6. Security Management
6.1 The Supplier shall develop, implement, maintain and enforce a written information privacy and security program that:
(a) aligns with industry recognised frameworks as may be designated by Company from time to time;
(b) includes administrative, technical and physical safeguards reasonably designed to protect the confidentiality, integrity and availability of Company Content and Shared Personal Data;
(c) is appropriate to the nature, size and complexity of Supplier’s business operations; and
(d) complies with any applicable laws that apply to Supplier in any jurisdiction.
6.2 The Supplier shall provide details of any major change to its security program that may adversely affect the security of any Shared Personal Data. Such details must be communicated in writing to Company at sg.logistics@shopee.com within ten (10) business days before such change is implemented.
6.3 The Supplier shall designate a senior employee to be responsible for overseeing and carrying out Supplier’s security program and for communicating with Company on information security matters (the “Security Officer”).
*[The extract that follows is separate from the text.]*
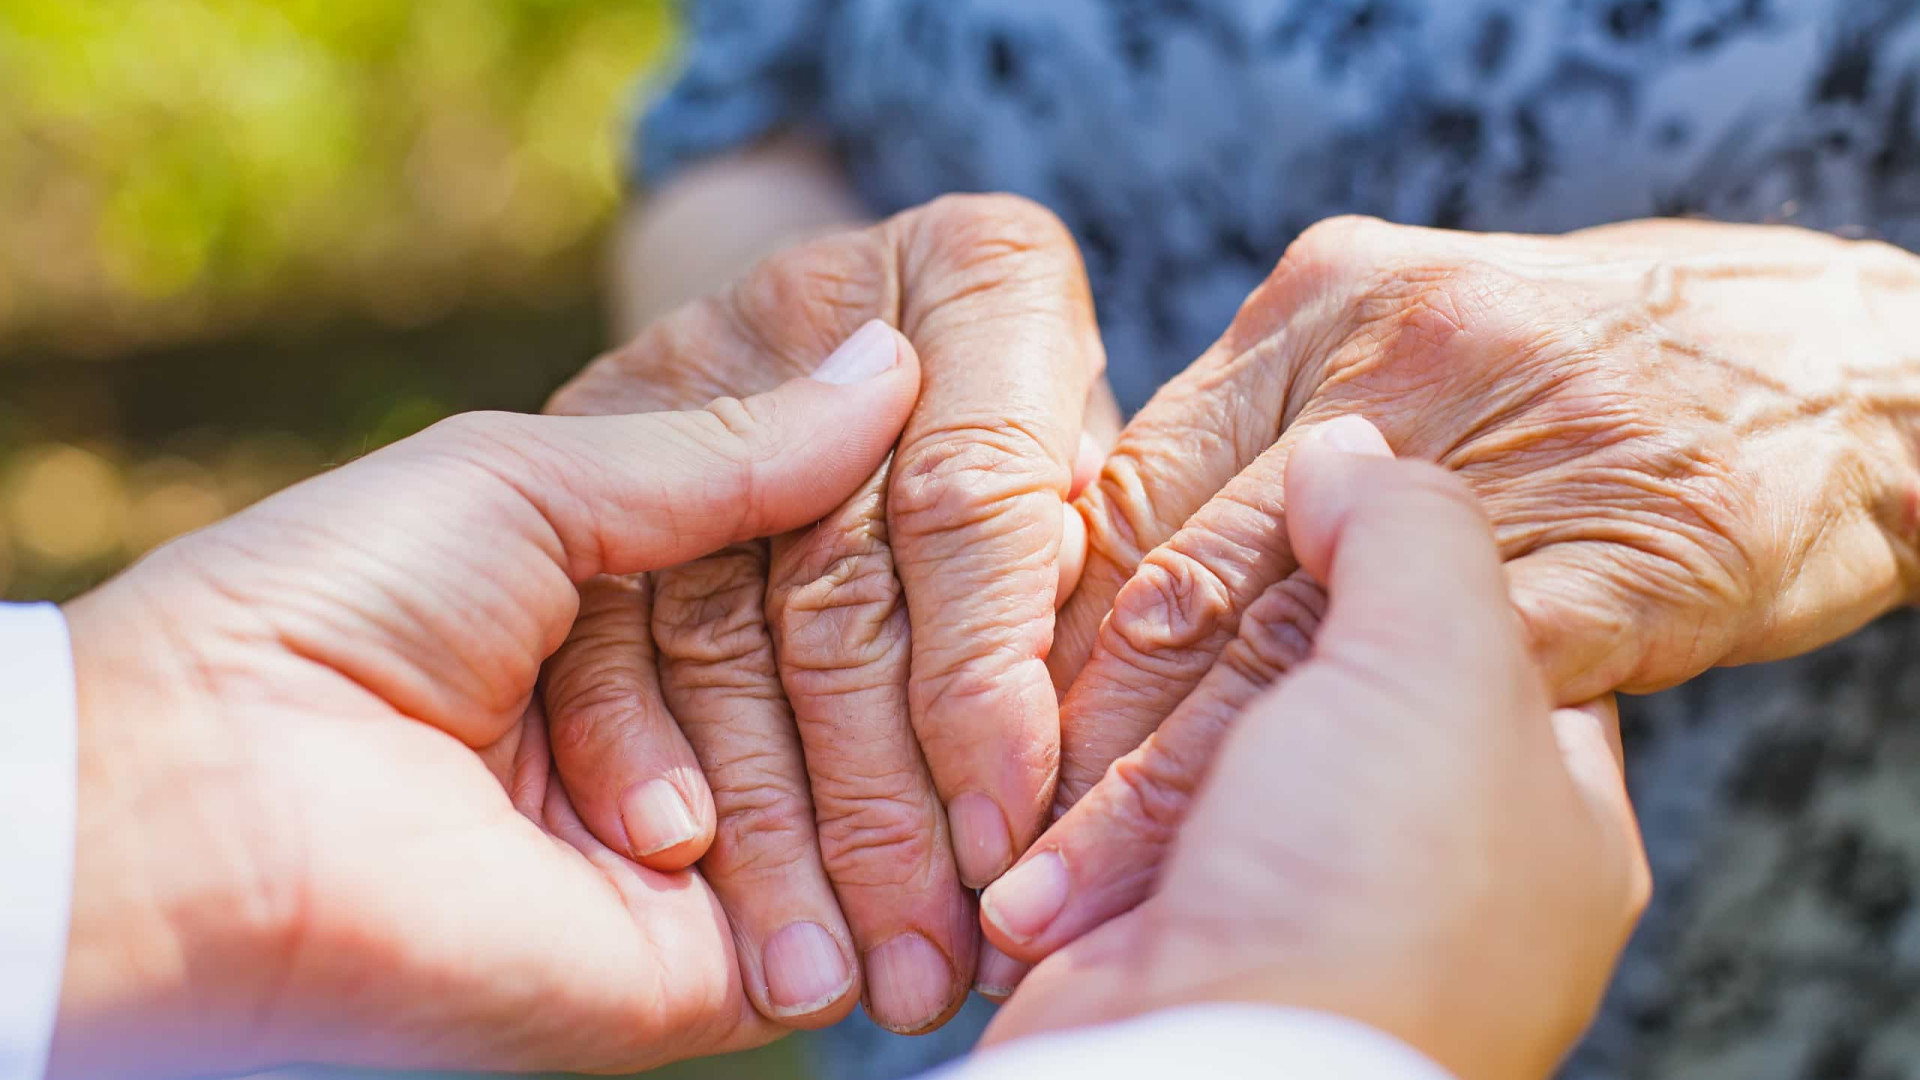 Novas terapias prometem maior qualidade de vida a quem tem Parkinson

6.4 Upon Company’s request, the Security Officer will provide Company with the contact information of one or more of the Supplier’s representatives who will be available to discuss any security concerns (e.g. discovered vulnerability, exposed risk, reported concern) with Company and to communicate the level of risk associated with such concerns and any remediation thereof. Such representative shall be available during normal business hours. Any changes to the contact information of the Security Officer or designated representatives must be communicated in writing to Company at sg.logistics@shopee.com within twenty-four (24) hours.
6.5 The Supplier shall ensure that each of Supplier’s Representatives provides their services with promptness, diligence, due care and skill and at all times in accordance with the best industry and professional standards and practices used in well-managed establishments, agencies, or operations involving the performance of similar services.
6.6 The Supplier shall implement fine-grained access control mechanisms to allow granting rights to any party using Supplier’s Application (e.g., access to a specific set of data at its custody) and the Application's operators (e.g., access to specific configuration and maintenance APIs such as kill switches) following the principle of least privilege. Application sections or features that vend Personal Data must be protected under a unique access role, and access should be granted on a "need-to-know" basis.
6.7 The Supplier shall gather logs to detect security-related events (e.g., access and authorization, intrusion attempts, configuration changes) to Supplier’s applications and systems. You must implement this logging mechanism on all channels (e.g., service APIs, storage-layer APIs, administrative dashboards) providing access to Company Content. All logs must have access controls to prevent any unauthorized access and tampering throughout their lifecycle. Logs themselves should not contain Personal Data and must be retained for at least 90 days for reference. The Supplier shall also build mechanisms to monitor the logs and all system activities to trigger investigative alarms on suspicious actions (e.g., multiple unauthorized calls, unexpected request rate and data retrieval volume, and access to canary data records). The Supplier shall perform an investigation when monitoring alarms are triggered, and this should be documented in the Supplier’s incident response plan.